Acceptance Criteria of a Project based on NPV

Simplest Approach – If the investment project of Eurocap Equities has a NPV value higher than Zero then finance managers at Eurocap Equities can ACCEPT the project, otherwise they can reject the project. This means that project will deliver higher returns over the period of time than any alternate investment strategy.

In theory if the required rate of return or discount rate is chosen correctly by finance managers at Eurocap Equities, then the stock price of the Eurocap Equities should change by same amount of the NPV. In real world we know that share price also reflects various other factors that can be related to both macro and micro environment.

In the same vein – accepting the project with zero NPV should result in stagnant share price.

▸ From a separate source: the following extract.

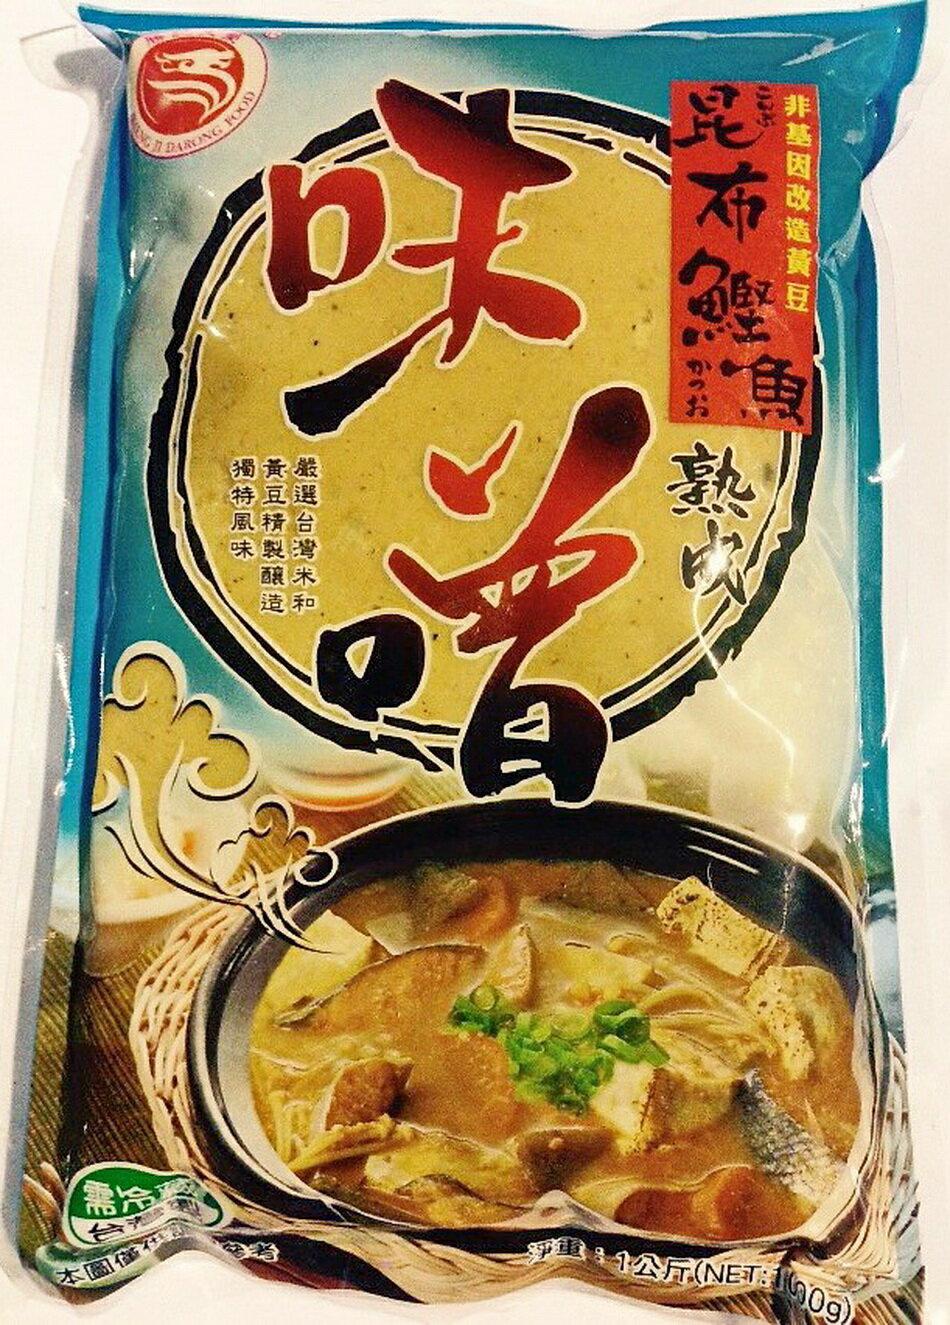 拌炒煮湯蒸燉大榮昆布鰹魚味噌1000g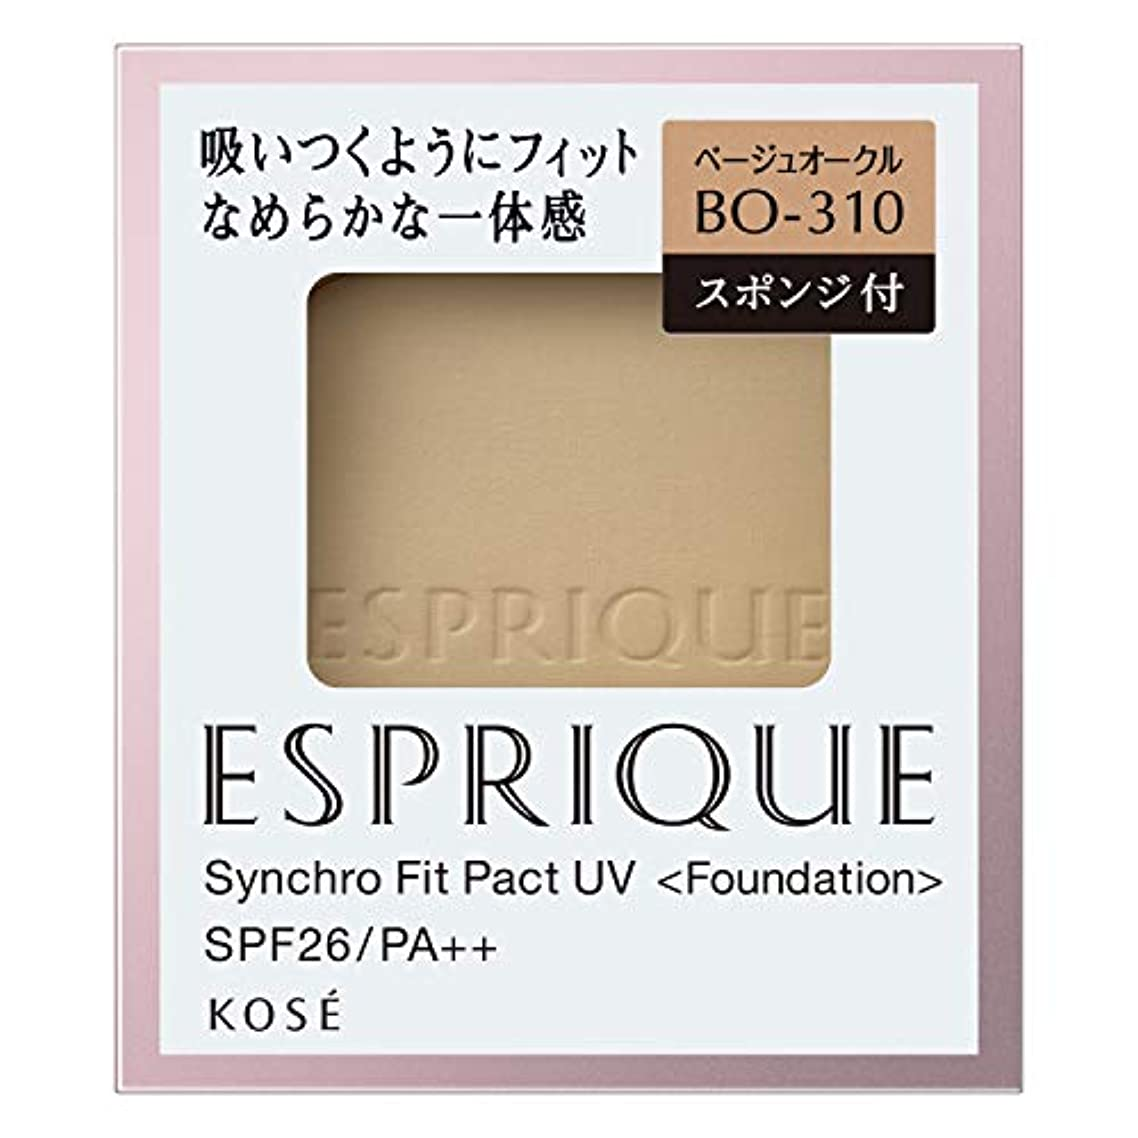 ラフトカスケード痴漢エスプリーク シンクロフィット パクト UV BO-310 ベージュオークル 9.3g

Finance managers use discount rates as a measure of risk components in the project execution process.

Sensitivity Analysis

Project selection is often a far more complex decision than just choosing it based on the NPV number. Finance managers at Eurocap Equities should conduct a sensitivity analysis to better understand not only the inherent risk of the projects but also how those risks can be either factored in or mitigated during the project execution. Sensitivity analysis helps in –

What will be a multi year spillover effect of various taxation regulations.

Understanding of risks involved in the project.

What can impact the cash flow of the project.

What are the key aspects of the projects that need to be monitored, refined, and retuned for continuous delivery of projected cash flows.

What are the uncertainties surrounding the project Initial Cash Outlay (ICO’s). ICO’s often have several different components such as land, machinery, building, and other equipment.

Some of the assumptions while using the Discounted Cash Flow Methods –

Projects are assumed to be Mutually Exclusive – This is seldom the came in modern day giant organizations where projects are often inter-related and rejecting a project solely based on NPV can result in sunk cost from a related project.

Independent projects have independent cash flows – As explained in the marketing project – though the project may look independent but in reality it is not as the brand awareness project can be closely associated with the spending on sales promotions and product specific advertising.




References & Further Readings

Gilbert Wong, Heather McGregor, Shamza Khan, Pauline Ng (2018), "EUROCAP Bank: Bonuses Driving Performance or Driving Discontent Harvard Business Review Case Study. Published by HBR Publications.